Ele chegou como uma pequena bola de pelos negros e macios com uma pequena manchinha branca no peito. Minha tia logo batizou o pequeno cachorrinho com o nome do Rei Leão: Simba. Assim como eu, o cachorrinho cresceu observando o movimento intenso da cozinha – cozinhar é um dom que percorre a minha família há algumas gerações. Certa vez estávamos todos fazendo esfihas – não lembro qual a ocasião, mas iriam ser muitas esfihas, mais de cem – minha mãe tirava as assadeiras com esfihas quentinhas e cheirosas do forno e colocava em uma enorme assadeira, coberta com uma toalha, em cima da mesa. Simba, que sempre ficava ouriçado com os aromas culinários, estava quieto, deitado em um sofá velho. O tempo foi passando e a assadeira parecia nunca se encher – havia sempre um buraco onde faltavam esfihas. Em dado momento, minha mãe viu: O danadinho ia pé-ante-pé, descobria um canto e pegava uma, duas esfihas, colocando-as no chão e novamente cobrindo com aquela toalha a assadeira, num cuidado tal que, quem o visse, pensaria ser impossível tanta inteligência em um só animal. Na época, não havia celulares com câmeras – senão, valeria a pena perder mais algumas esfihas apenas para dividir com outras pessoas as brincadeiras daquele adorável e enorme cachorro, cujo tamanho assustava os desconhecidos e a doçura encantava os amigos.

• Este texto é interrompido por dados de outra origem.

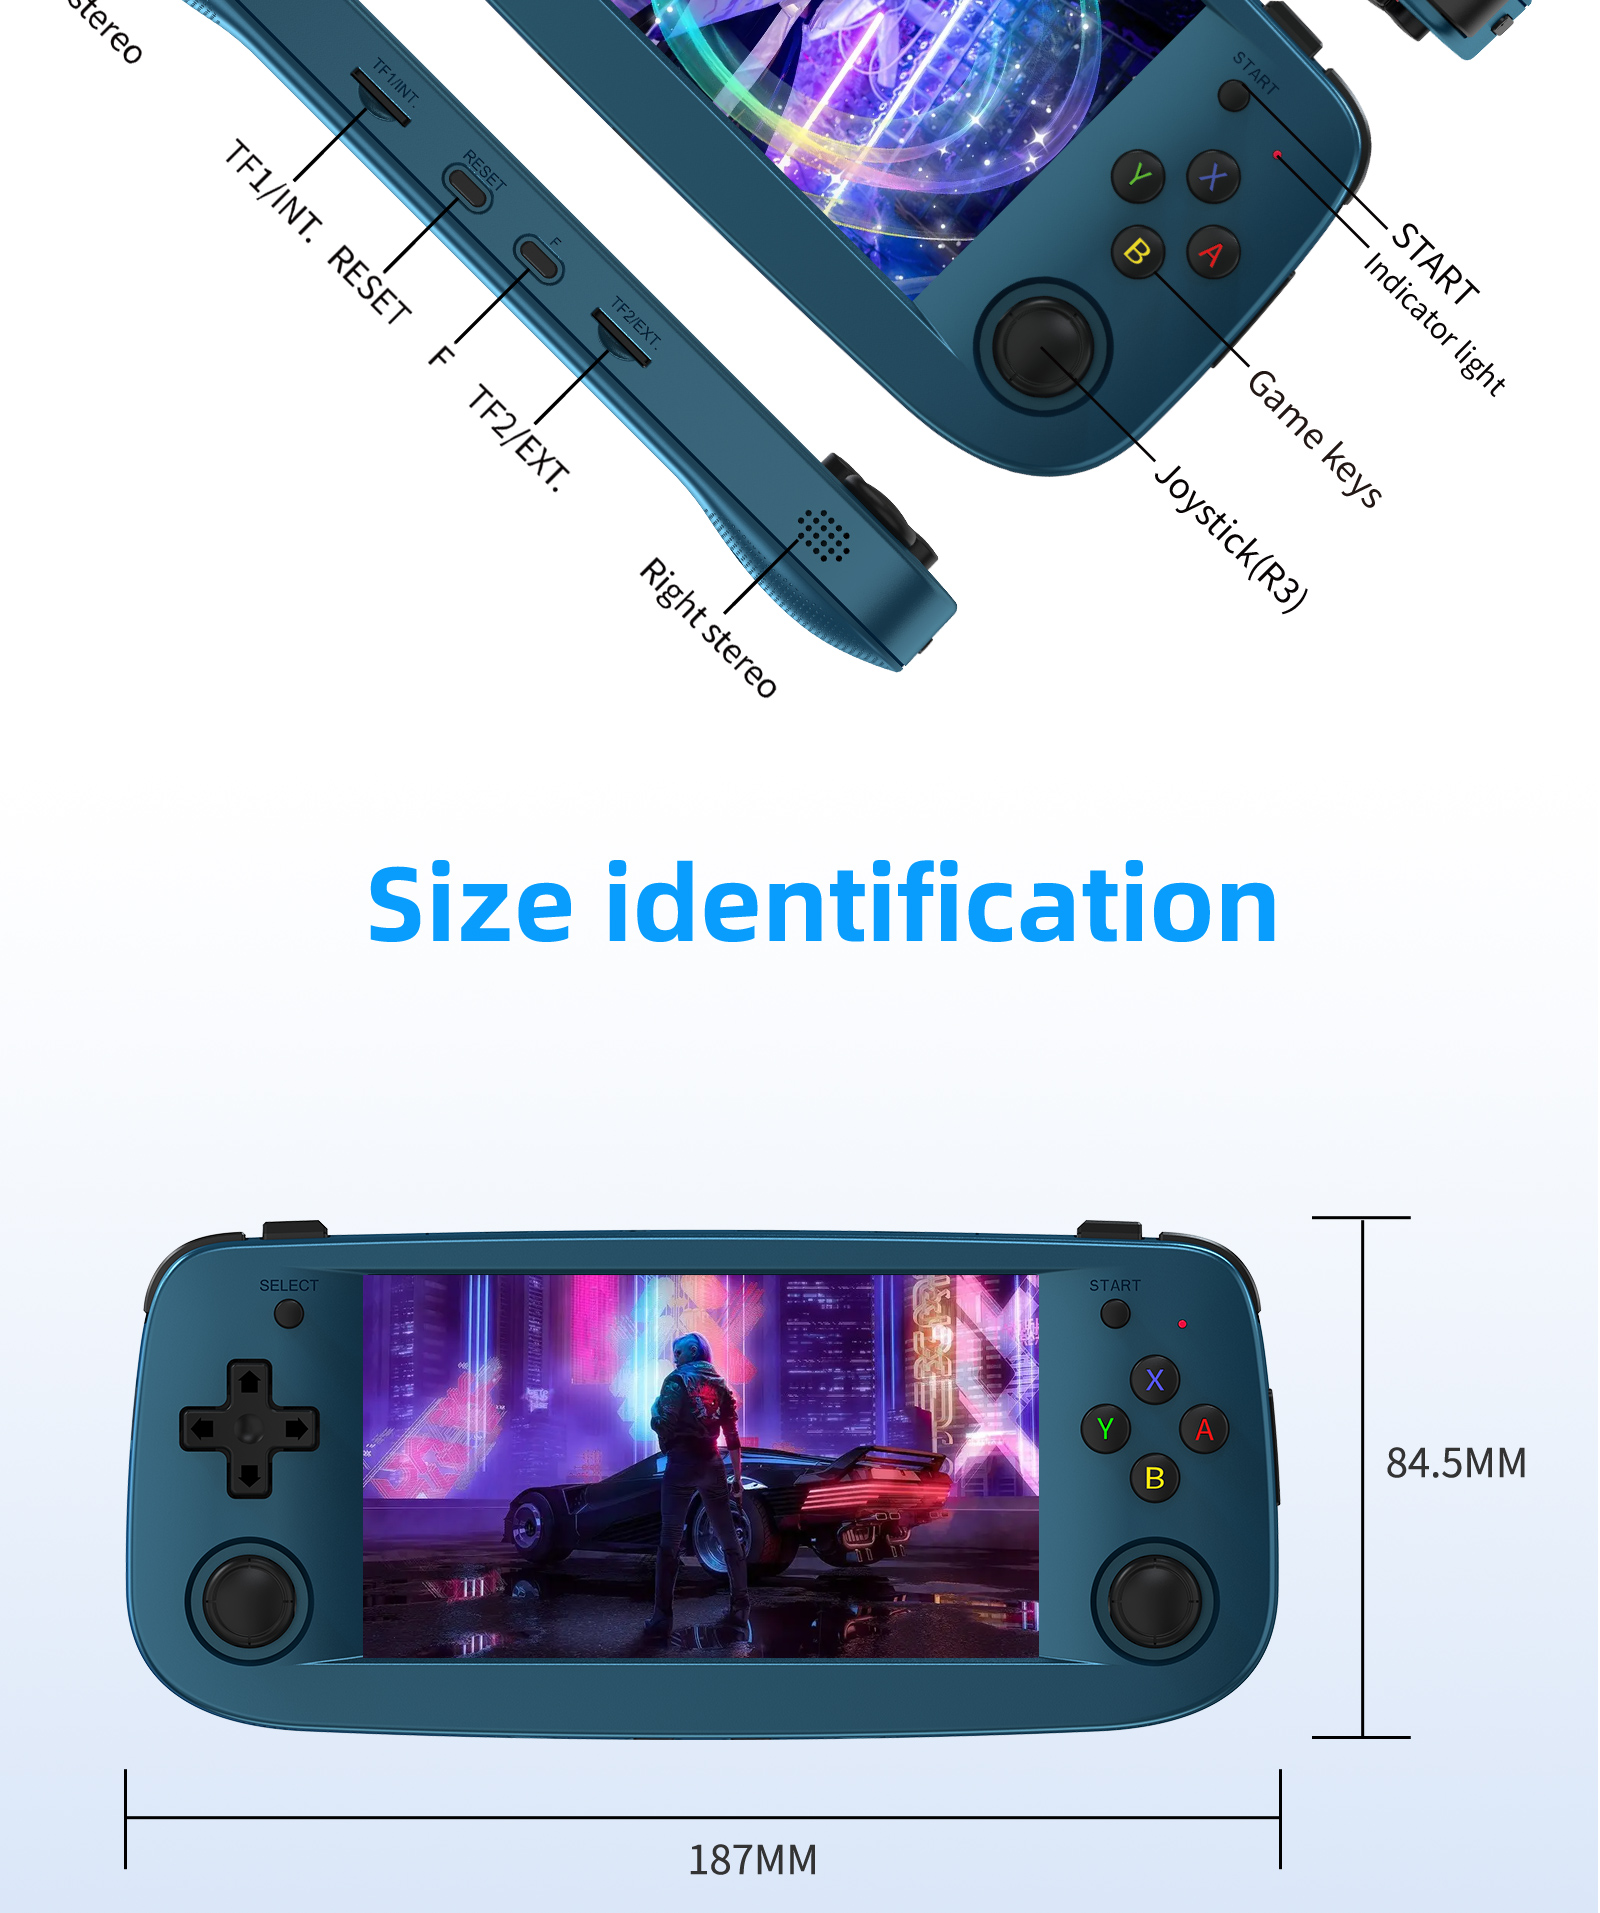 ANBERNIC RG503 RK3566 64 Bit 1.8GHz 80GB 20000 Games Handheld Game Console 4.95 inch OLED Screen for PSP DC PCE N64 5G WiFi MoonLight Sreaming Support bluetooth 4.2 Gamepad TV Output Linux System Video Game Player

Todas as vezes que começo a picar azeitonas, tomates, cebola, alho, separar temperos e outros ingredientes, lembro dessa cena – quando me tornei vegetariana, pensei que não comeria mais essas delícias – ledo engano – foi possível adaptar a antiga receita de família, deixando-a mais saudável e completamente livre de crueldade. O Simba já virou estrelinha há uns anos atrás – se estivesse por aqui, eu o deixaria repetir suas façanhas e artes todinhas, apenas para poder gravá-las.

Massa:

3 xícaras de farinha de trigo branca

3 xícaras de farinha de trigo integral

4 xícaras de fibra de trigo (se possível, misturar fibra fina e grossa)

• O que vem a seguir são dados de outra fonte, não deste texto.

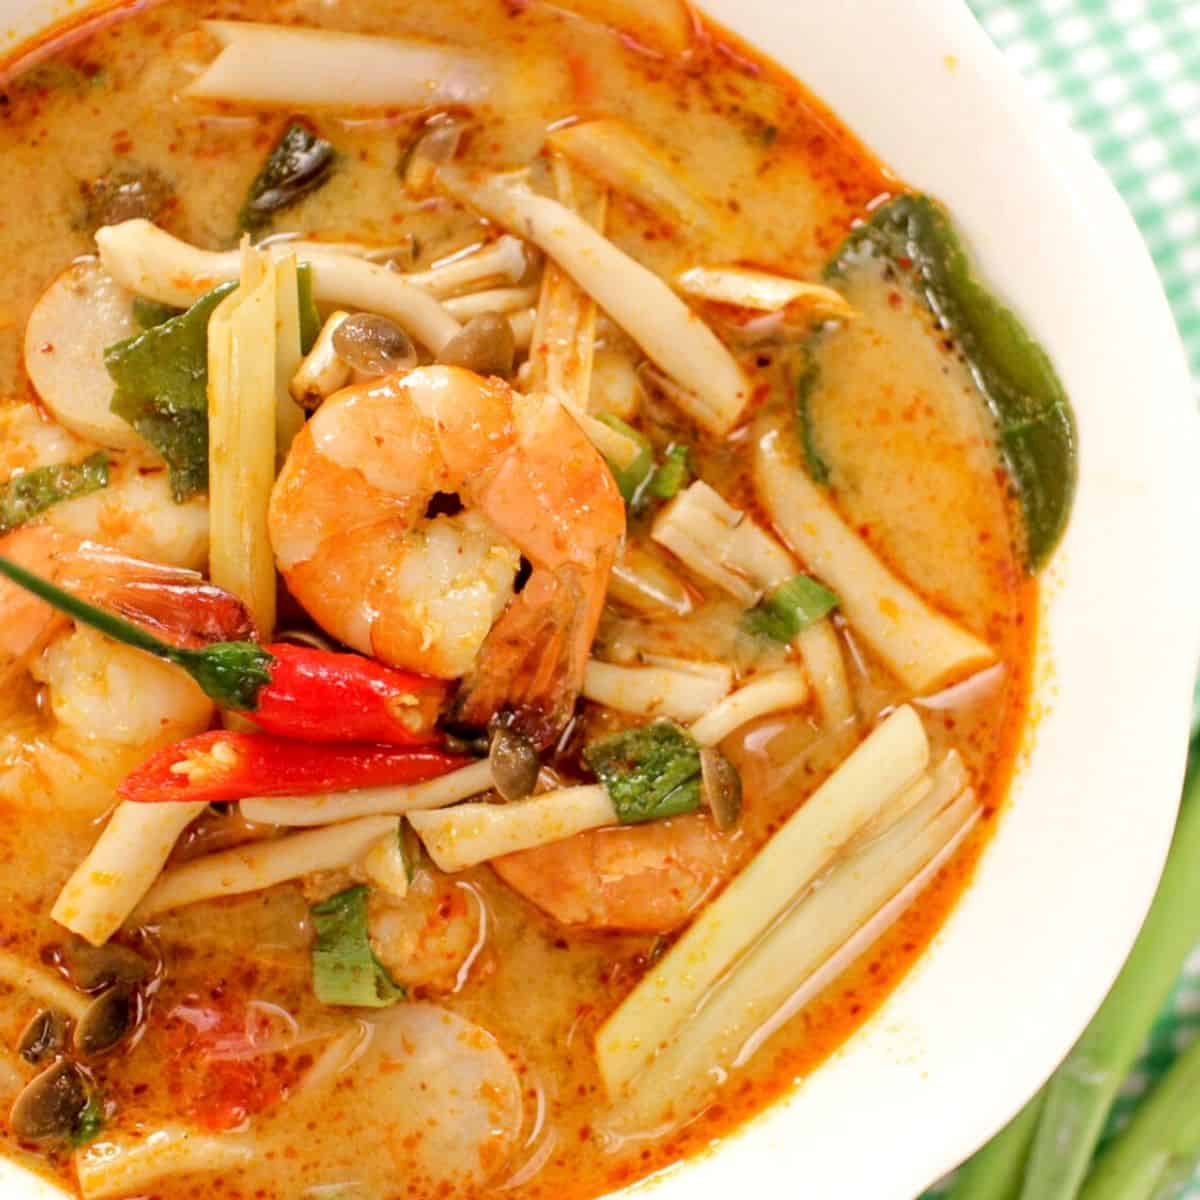 a bowl of tom yum soup with shrimp, mushrooms, lemongrass and chilies

¾ de xícara de linhaça (misturar a dourada e a marrom)

Sal

1 e ½ colher de sopa fermento biológico em pó

1 colher (café) de açúcar

3 e ½ xícaras de água

11 colheres de azeite

Preparo

Preparar o fermento com um pouco de água morna, algumas colheres da farinha e o açúcar. Deixar descansar por 10 minutos ou até dobrar de tamanho. Acrescentar os outros ingredientes e amassar até desgrudar da mão. Deixar descansar coberto com um pano de prato até dobrar de volume.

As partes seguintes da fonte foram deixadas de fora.